Mapping Europe’s waterways in George III’s Topographical Collection
Lake Bracciano and Tiber Valley
This plan shows hydraulic works on Lake Bracciano which were key to supplying Rome with waterView images from this item (1)
Among the volumes in the King’s Topographical Collection there are three albums of drawings by Carlo Fontana (1638–1714) that were once part of the Albani collection acquired by James Adam for George III in 1762.1 Two of them (118.e.14. and Maps 7.Tab.46.) evince not only Fontana’s ability as an engineer, but also the archaeological approach to public works associated with the commissions he received from Popes Alexander VII and Clement IX. The volume that contains mainly drawings for Porto d’Anzio and the aqueduct of Civitavecchia (118.e.14.) includes, for instance, a reconstruction of the course of the Tuscan Aqueduct from its origins near Tolfa to the Tyrrhenian Sea (ff. 49–50). Fontana’s studies of Roman hydraulic works in Lazio also resulted in his depiction of tunnels, trenches, catch-basins, wells, and a settling tank in another drawing from the same volume (f. 51). He probably intended to use this material in a book entitled Il Libro della Toscana antica, con la narrativa della Condottura dell'Acqua Trajana a Civita Vecchia, which was never published.2
The volume entitled ‘Acqua Paola’ in a 1716 inventory of the Albani collection (Maps 7.Tab.46.) contains Fontana’s study of the Roman aqueduct that carried water from Lago di Bracciano to Rome, as well as his projects for its modification in 1690.3 Fontana’s research was used in his Utilissimo trattato dell'acque correnti [...] con una esatta notizia di tutto quello, ch'è stato operato intorno alla conduttura dell' Acqua di Bracciano (1696). His delicately drawn studies of engineering fit perfectly in a collection that was soon to include a significant number of designs of canals, bridges and aqueducts. In the 1829 catalogue for the King’s Topographical Collection George III’s maps of canals appear as a distinct section. The catalogue lists the Canals of England, Scotland, Ireland, France and Germany preceded by ‘Smith’s new Map of the Navigable Canals and Rivers of England, Wales and Scotland’ (1815). However, the actual maps of waterways are arranged geographically within the guard volumes corresponding to their country.

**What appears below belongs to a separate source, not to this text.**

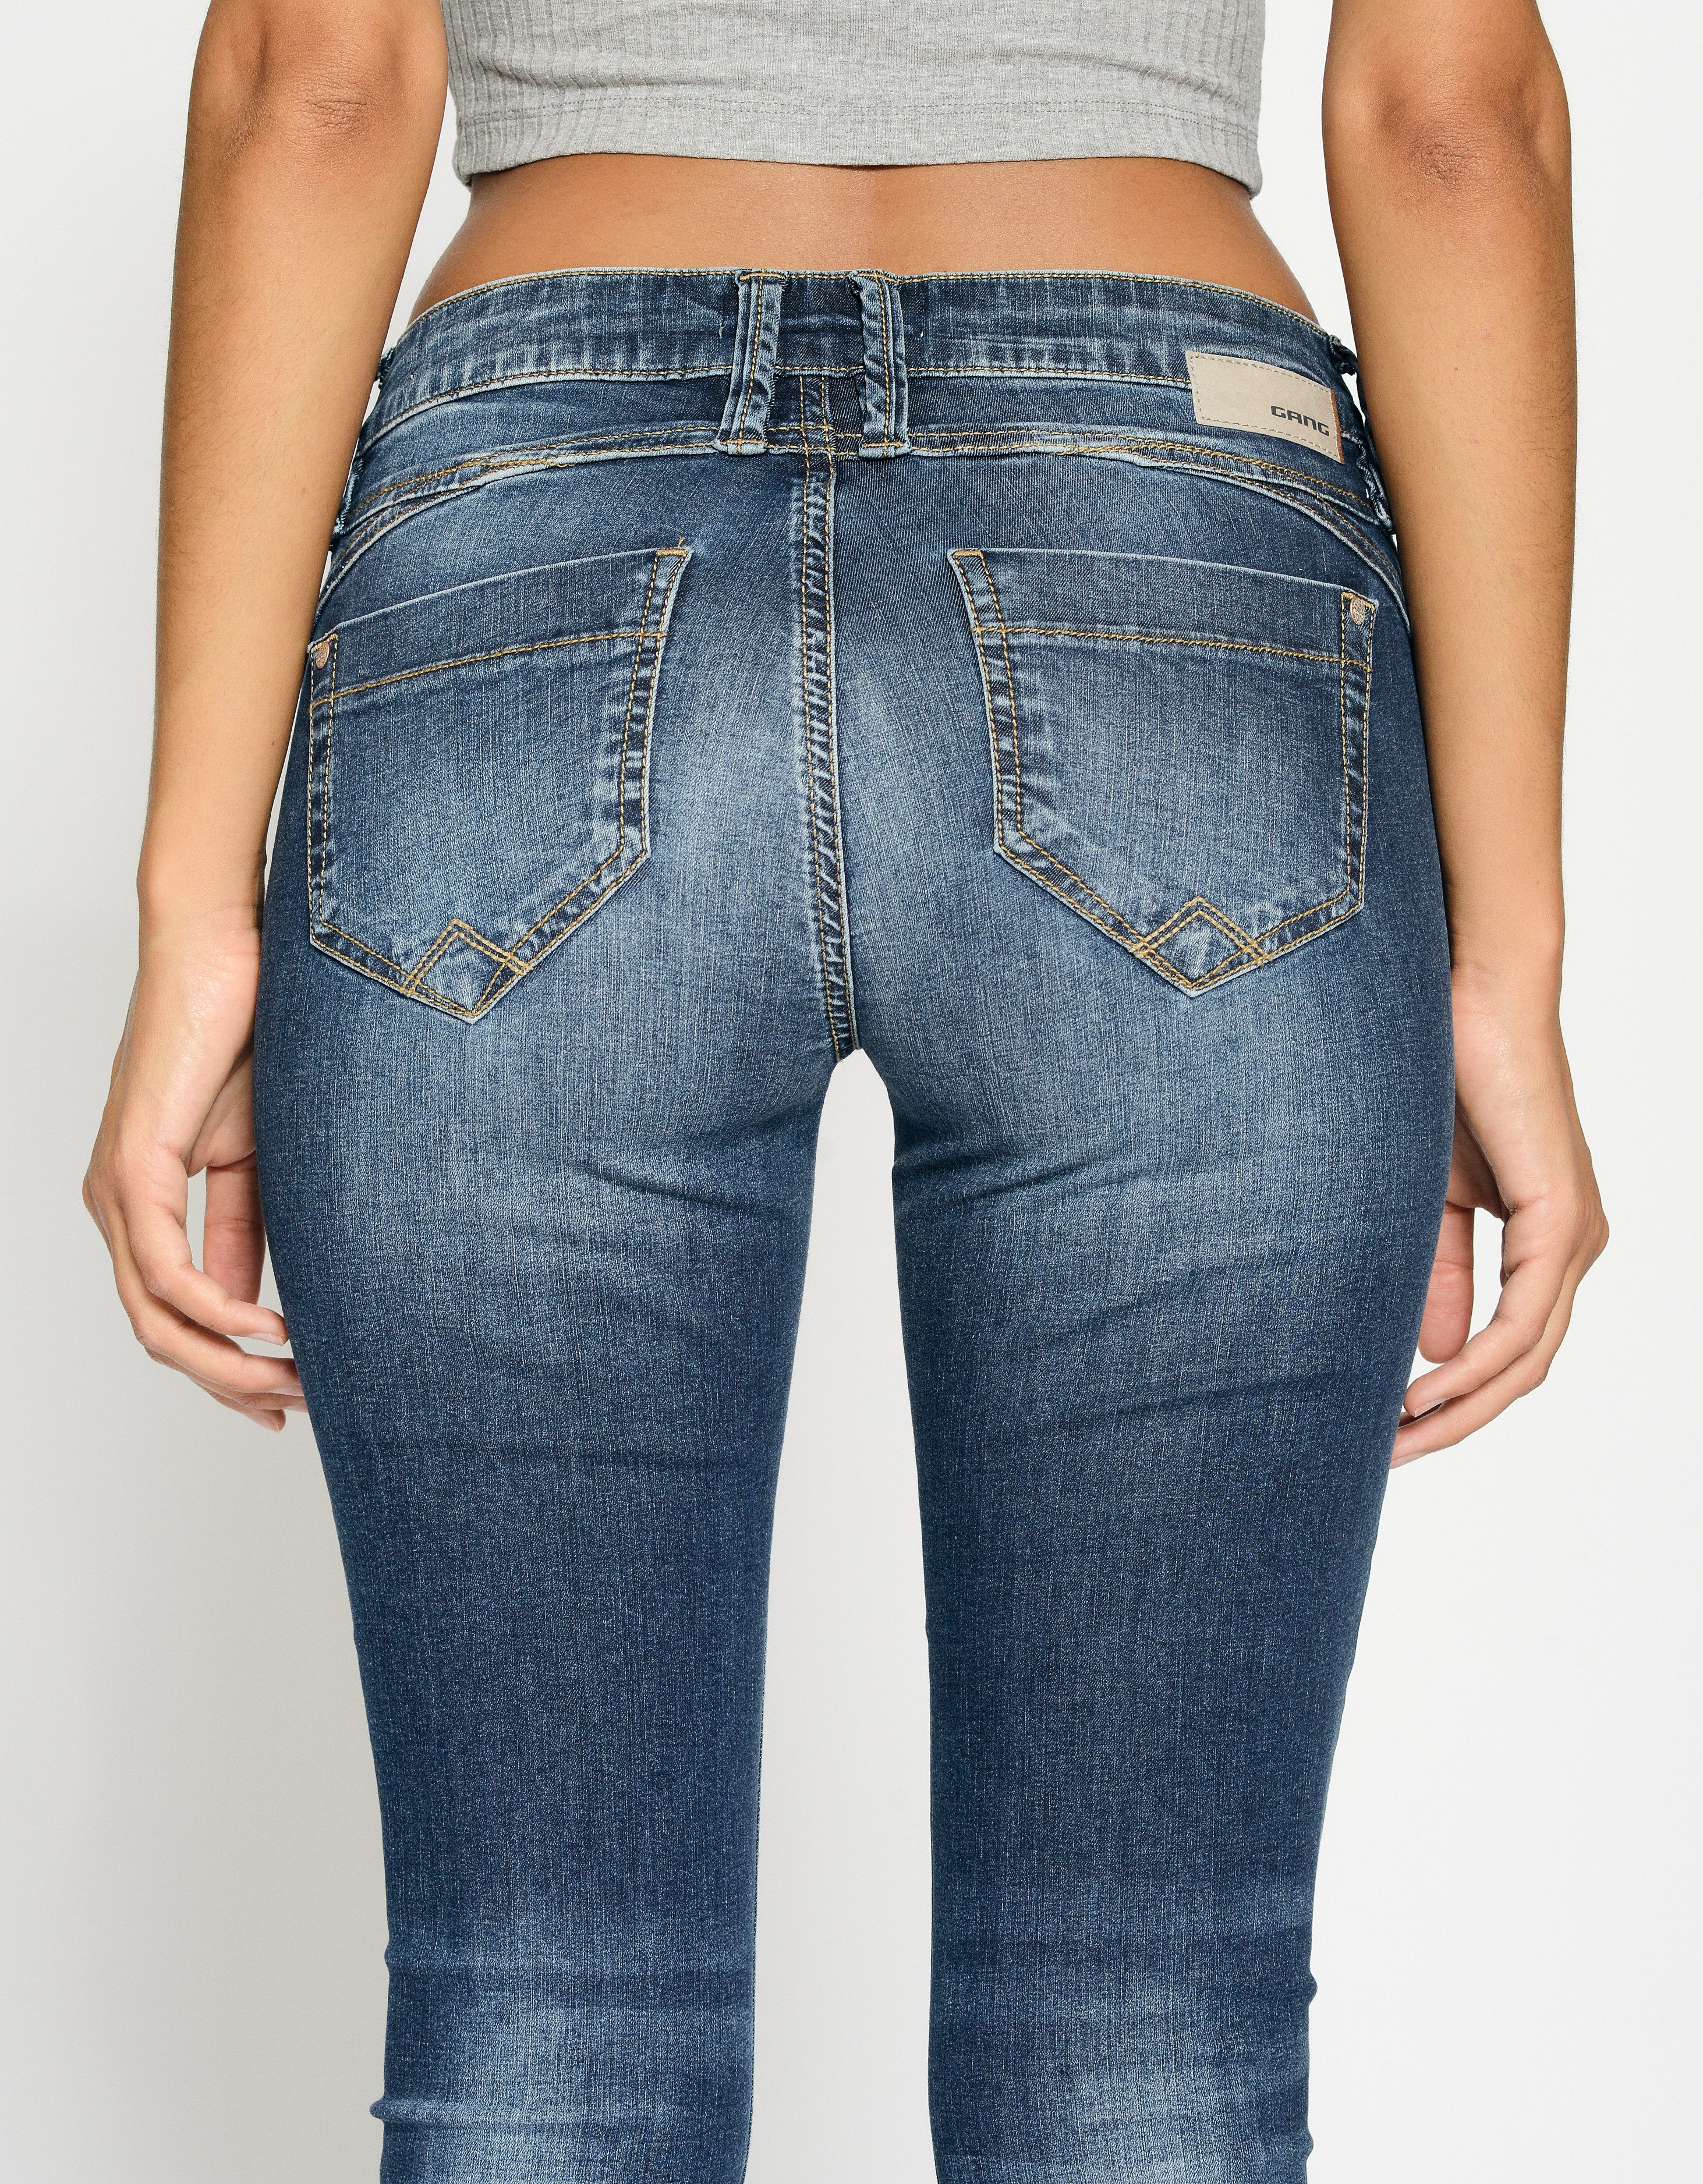 GANG Skinny fit jeans 94NIKITA met een rit-detail aan de kleingeldzakje

This interest in hydraulic engineering was not unusual in 18th-century Britain, where the years between 1760 and 1850 have been referred to as the ‘Canal Age’. George III’s collection includes a number of maps that can be considered representative of ‘Canal mania’, as the intense canal building of the 1790s became known. We do not know whether the King or his librarian was responsible for their acquisition, but these maps of canals were clearly expected to be part of a working royal collection. It was soon understood that improvements in transportation were essential to the success of British manufactures. Civil engineering was therefore crucial to the prosperity of a commercial nation. The collection reflects this awareness of the potential of the practical application of scientific advancement for the promotion of trade and manufacture.4
Map of the Canal d'Eure between Pontgouin and Versailles
Louis XIV had the Canal d'Eure constructed to supply water to his palace at VersaillesView images from this item (1)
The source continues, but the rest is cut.